We want our guests to enjoy Chipotle whatever way is most convenient for them, whether it be through ordering and paying digitally ahead of time, through delivery or via group ordering options. Our digital sales are fast approaching $500,000,000 with very little marketing support. We believe that by increasing awareness of our mobile order ahead feature and improving the in store experience, we can accelerate the rate of digital sales growth. And our digitized second make line has the capacity to handle significant increases in volume. Over time, we think this can be a multibillion dollar opportunity.

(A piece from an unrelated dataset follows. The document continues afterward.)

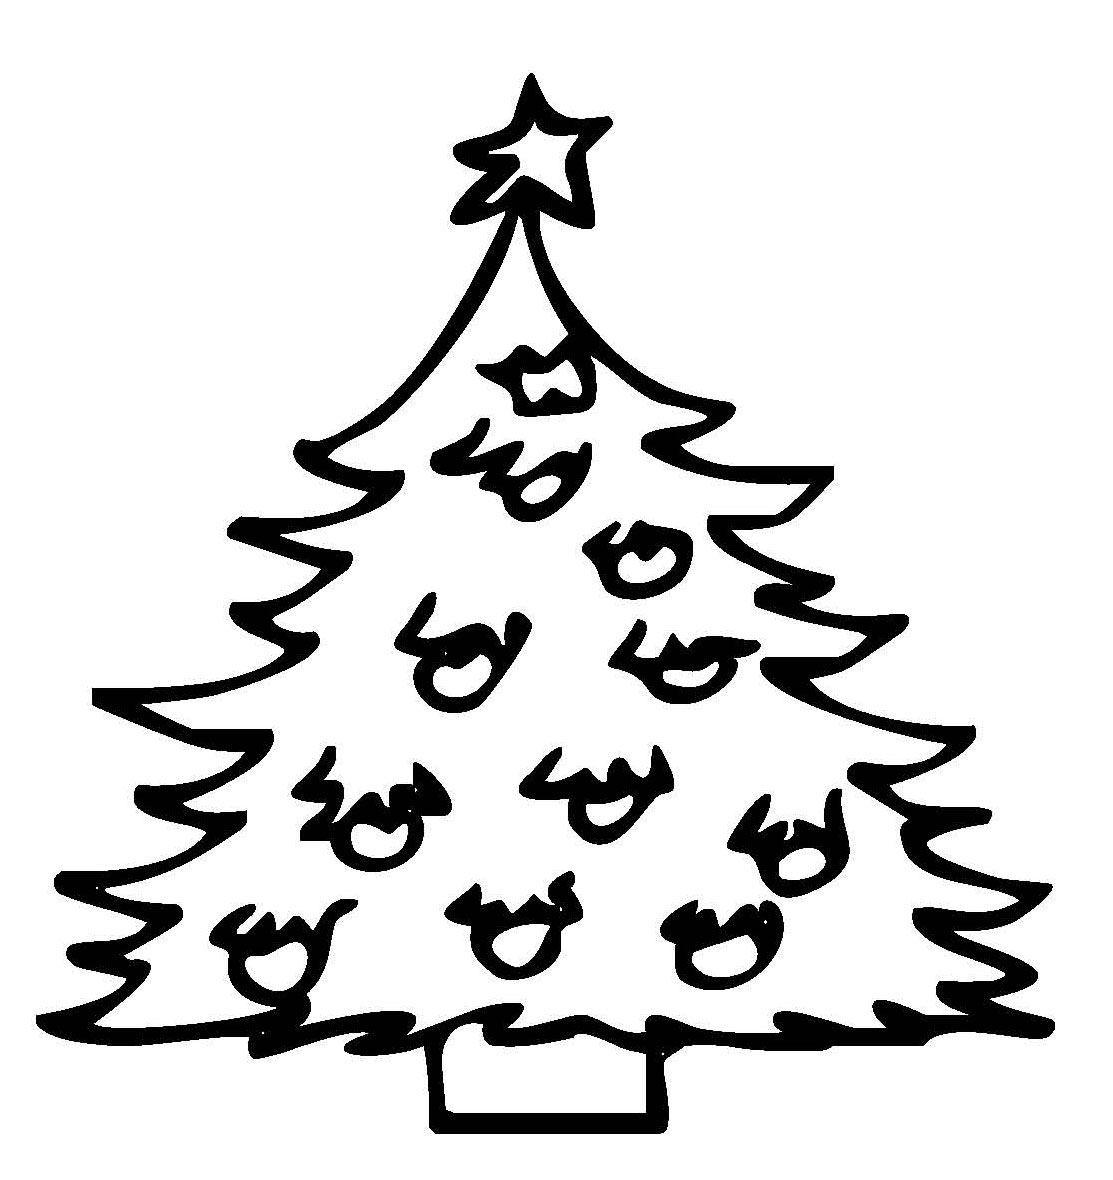 Kostenlose Ausmalbilder Und Malvorlagen Weihnachtsbaume Zum Ausmalen Und Ausdrucken Weihnachtsbaum Kostenlose Ausmalbilder Geschenke Weihnachten

I mentioned earlier the digital pickup shelves that we are testing can help unlock the potential of our digitized second make line. For those of you that are new to Chipotle, our second make line is a second production line in the back of our restaurant that looks and functions just like our front service line. We are now in the process of digitizing those second make lines as you can see on your screen. What that means is that instead of reading small fonts on paper receipts to assemble our orders, our crew now has 2 flat screens above the line with pictures that mirror the placement of the food on the line and lights up just the bins required to assemble an order. This results in much better throughput, greater capacity to build digital sales and even more importantly for our customers much better accuracy.
Delivery is a significant opportunity for us that also leverages the production capacity of our 2nd make line. In April, we added DoorDash as a new partner, and we continue to expand the number of restaurants that all of our partners can deliver from. Our delivery business previously has been built with virtually no marketing. We learned this quarter through joint efforts with both DoorDash and Postmates that we can accelerate delivery growth simply through greater awareness and best in class delivery times. Later this summer, we will add delivery capabilities to our app so that the fastest way to deliver Chipotle to your chair is only a few clicks away.
We will also continue to increase access by making group occasions more convenient for small and large groups alike. Now let's talk more about our great Chipotle brand. Being a relevant brand starts with insightful consumer understanding. We are investing in foundational customer research right now and this will help us refine our innovation strategies around marketing, digital, access, menu and restaurants. We'll have conclusions from that research this fall, but some of the early qualitative findings are encouraging, namely that our commitment to food with integrity is a key point of difference and our customers feel good about our delicious food.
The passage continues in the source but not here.